The large and distinctive Lieuallen home at the western head of First Street where it ends with Almon Street, known colloquially today as the “Dollhouse,” was built in 1884, the only home in the middle of what was then wheat fields. It initially had twelve rooms and three floors, the third being unfinished as one large space. The Lieuallen children, along with their friends and neighbors, used this space as a rolling skating rink. In a 1965 reminiscence of her life, daughter Lillie notes that, though her mother was not excited about caring for such a large home, it was built as a kind of advertisement to encourage others to settle in that part of town. She also recalls that her brothers were notorious among the neighbors for playing on the third-story ledge below the home’s mansard roof when their parents weren’t home to stop them. Lillie and her husband Jay Woodworth became owners of the home following the deaths of her parents, and in 1917, they converted it into state-of-the-art apartments that included electricity, steam heat, and running water, the first of its kind in Moscow.

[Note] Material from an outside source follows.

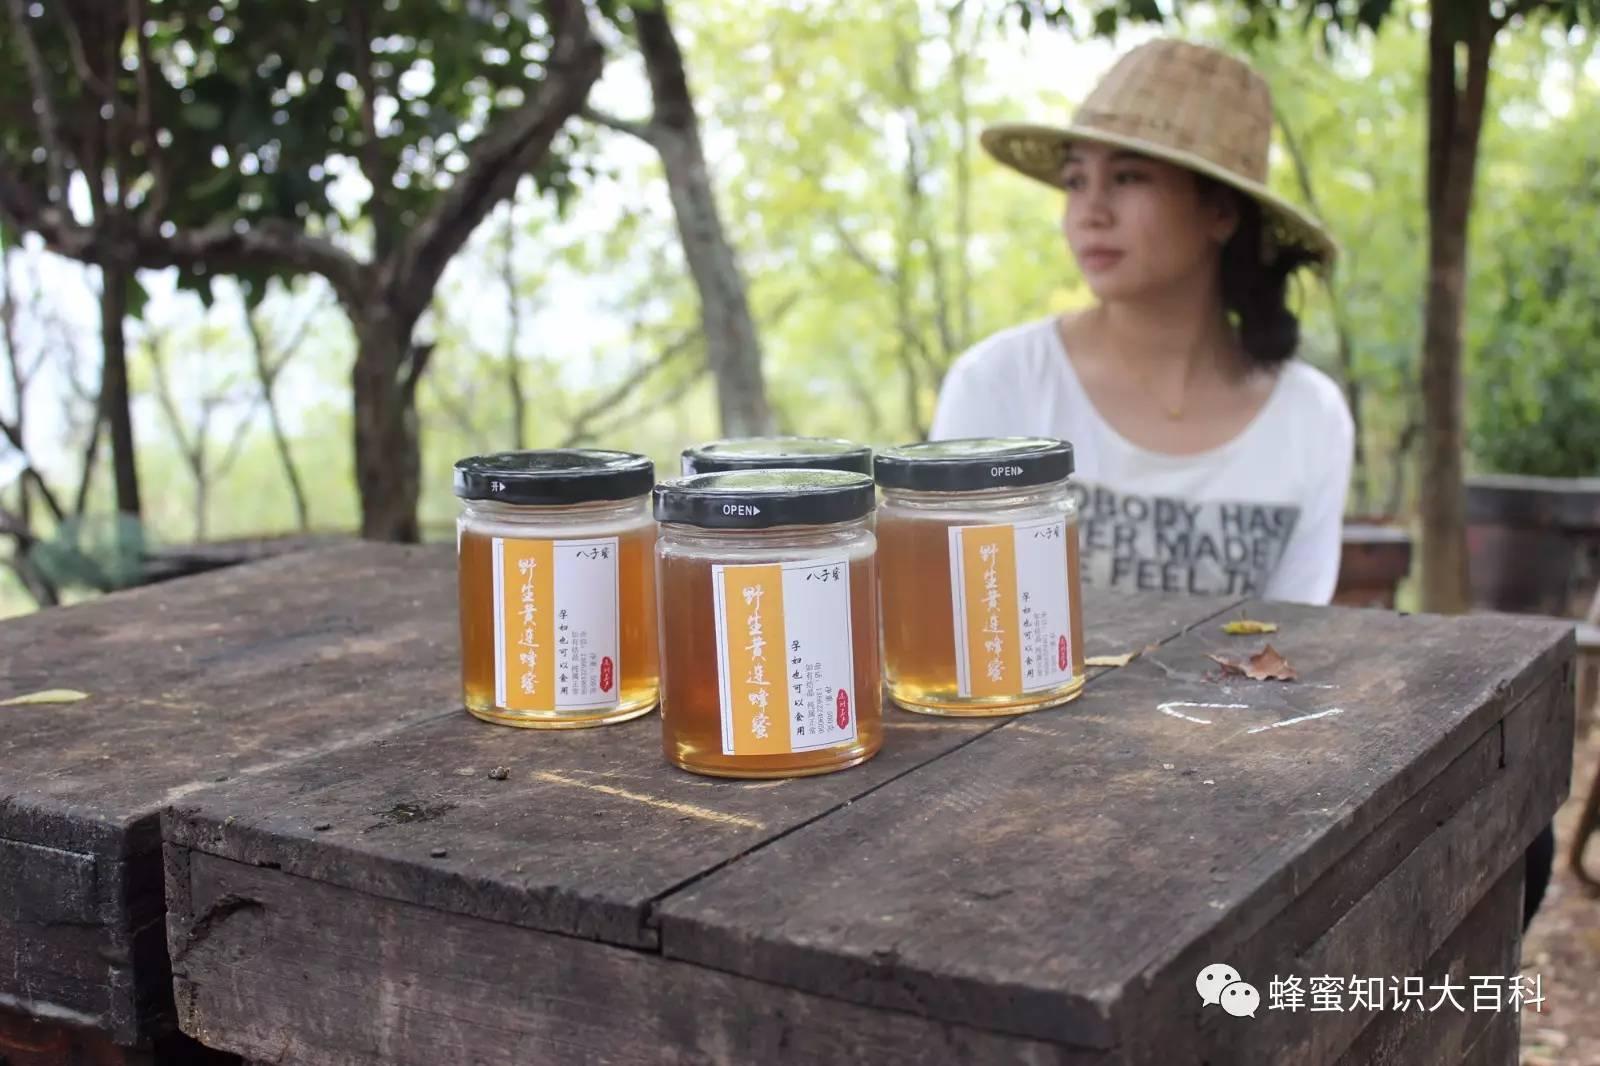 天天喝蜂蜜好吗 皱纹蜂蜜 博山蜂蜜 炼蜜和蜂蜜哪个好 家家蜜森林蜂蜜
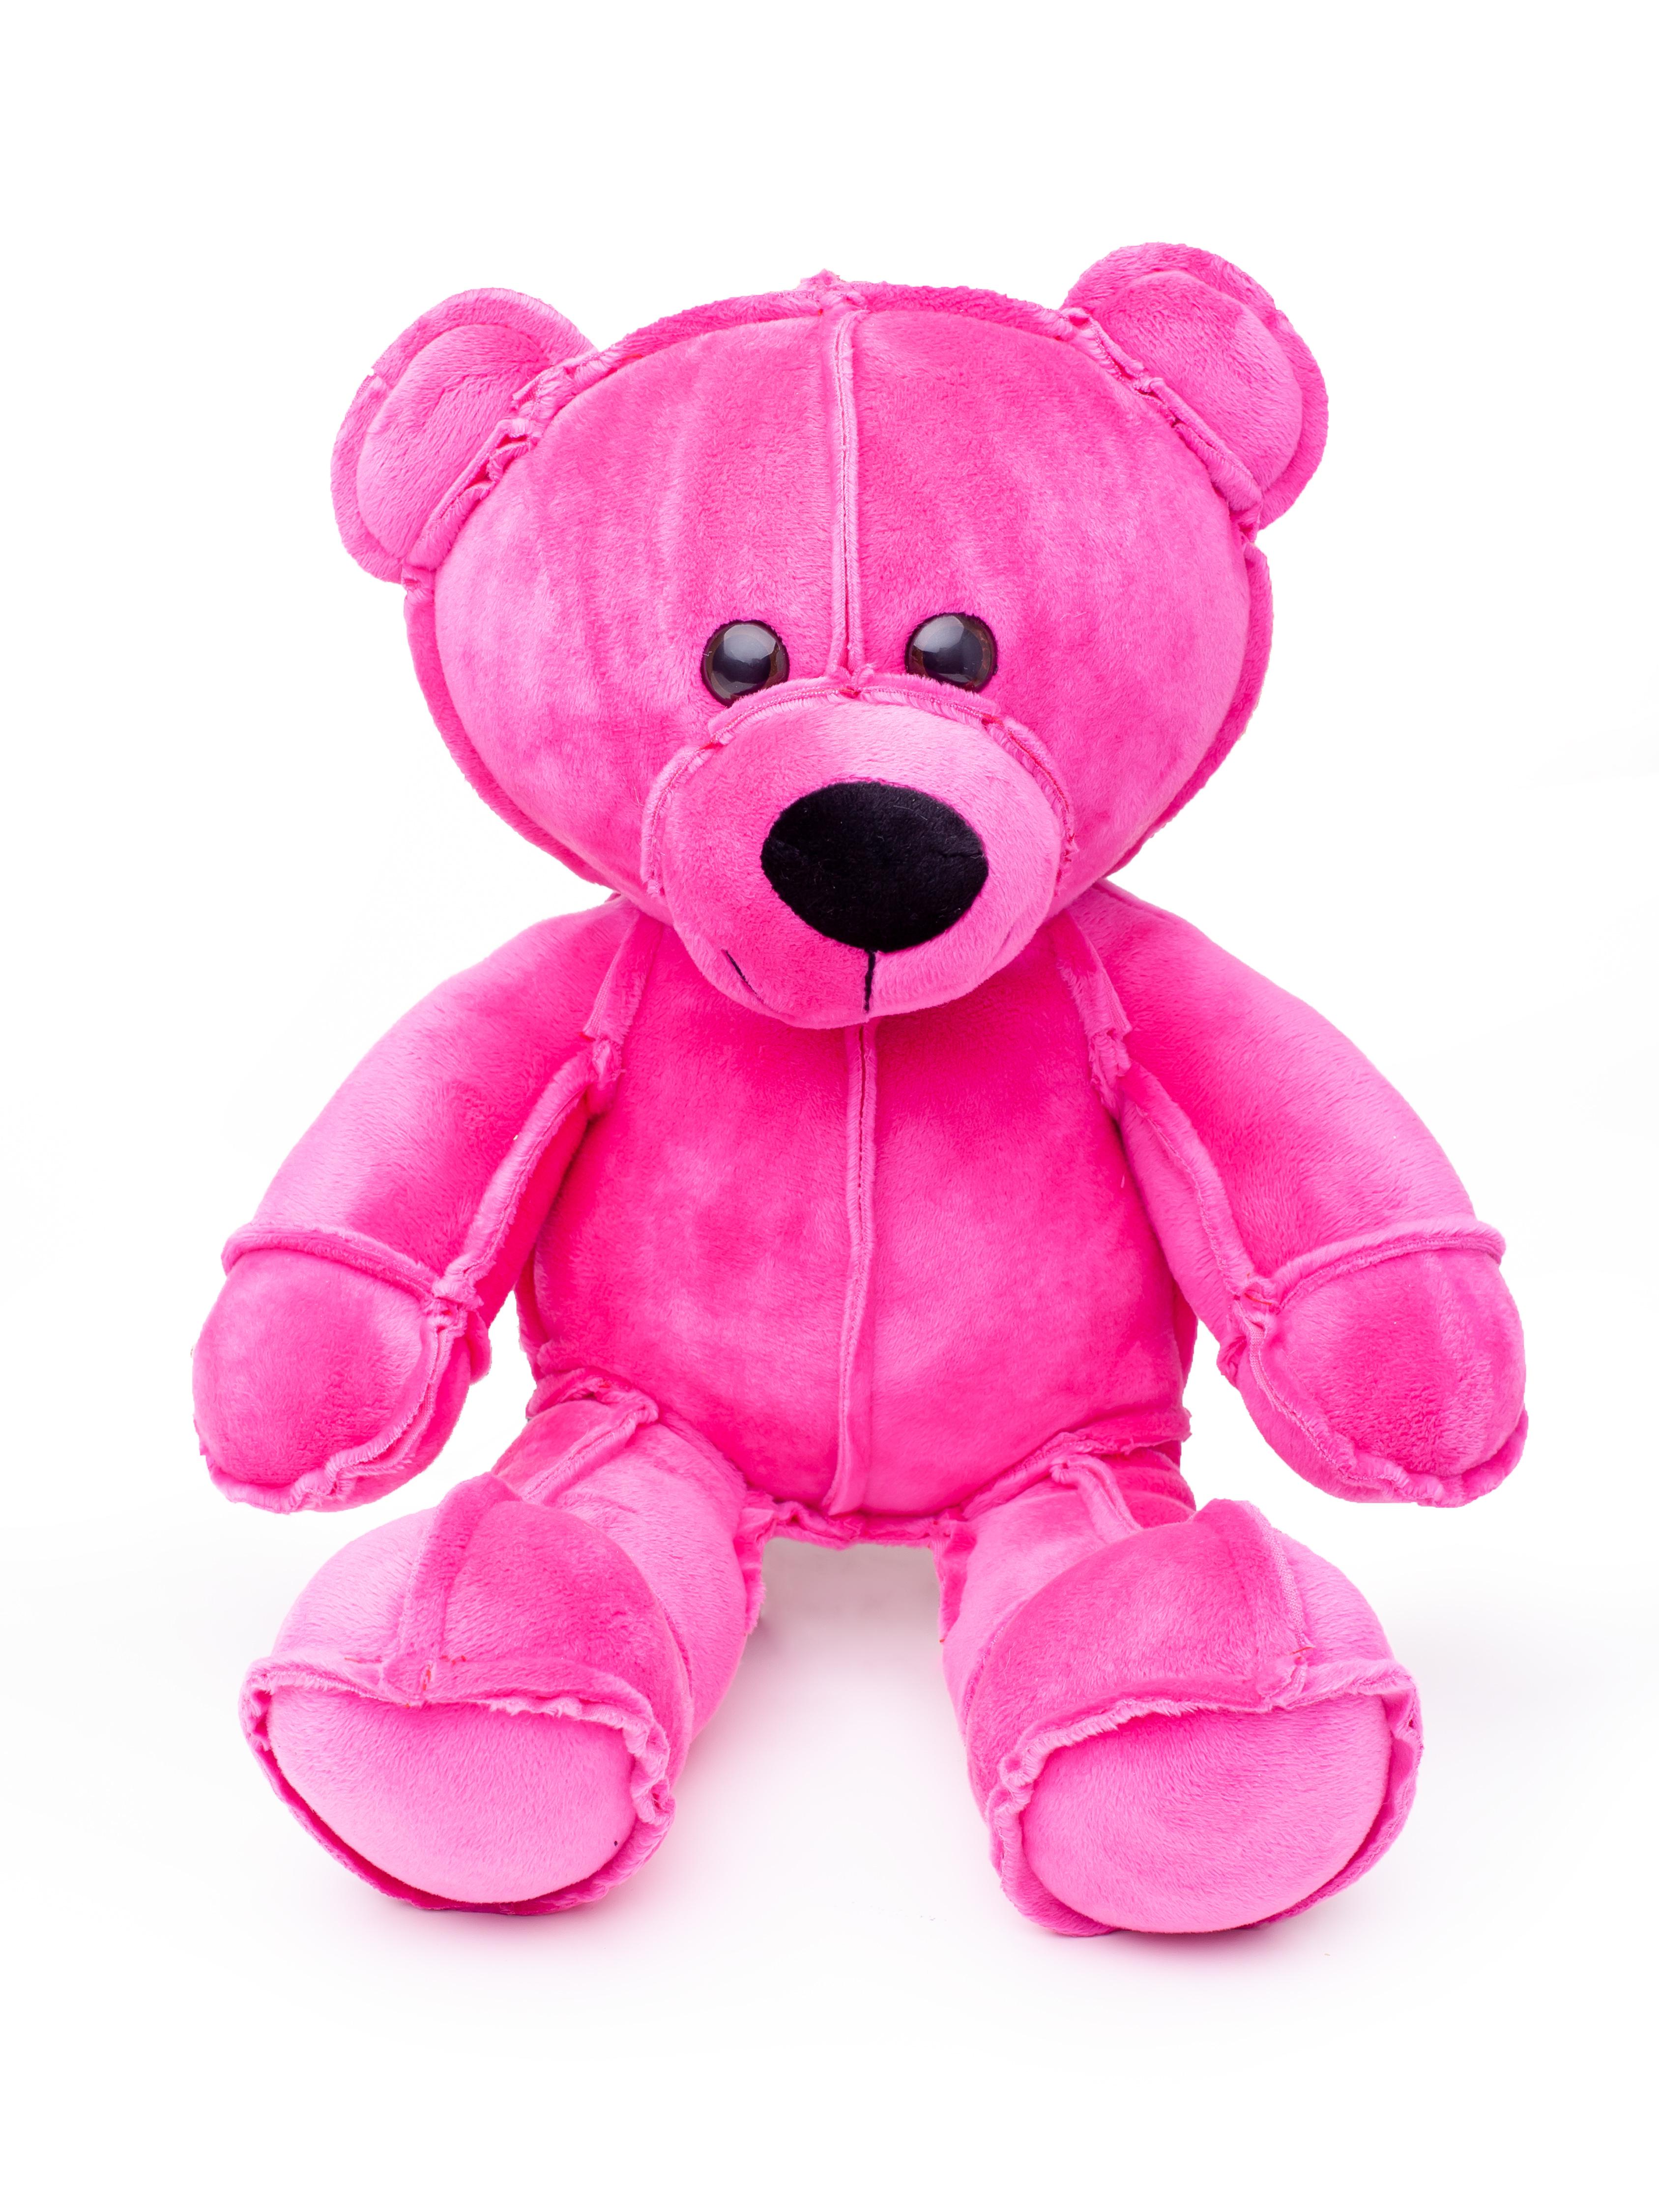 Мягкая игрушка Смолтойс Мишка Даня В45 см, 6199/РЗ/45 розовый смолтойс мягкая игрушка собачка 45 см 1889 мл 45

Almon Asbury Lieuallen is also given partial credit, according to some accounts, for the decision to name the town Moscow. While the earliest settlers called it Hog Heaven, due to the fact that their hogs thrived on its abundance of camas roots, others preferred the more dignified term Paradise Valley. Lillie’s account from 1965 claims that, upon further discussion among the residents, the name “Moscow” was chosen because it was an uncommon one in the United States, and the one in Russia “then seemed a far-away glamorous sort of city.”
This scenic corner of the Palouse has been home to generations of humanity, each prospering thanks to its resources and strategic placement in the region. The Moscow of today stands as a testament to the perseverance and fortitude of its first inhabitants, its footprint a clear, physical demonstration of their progressive, civic-minded nature.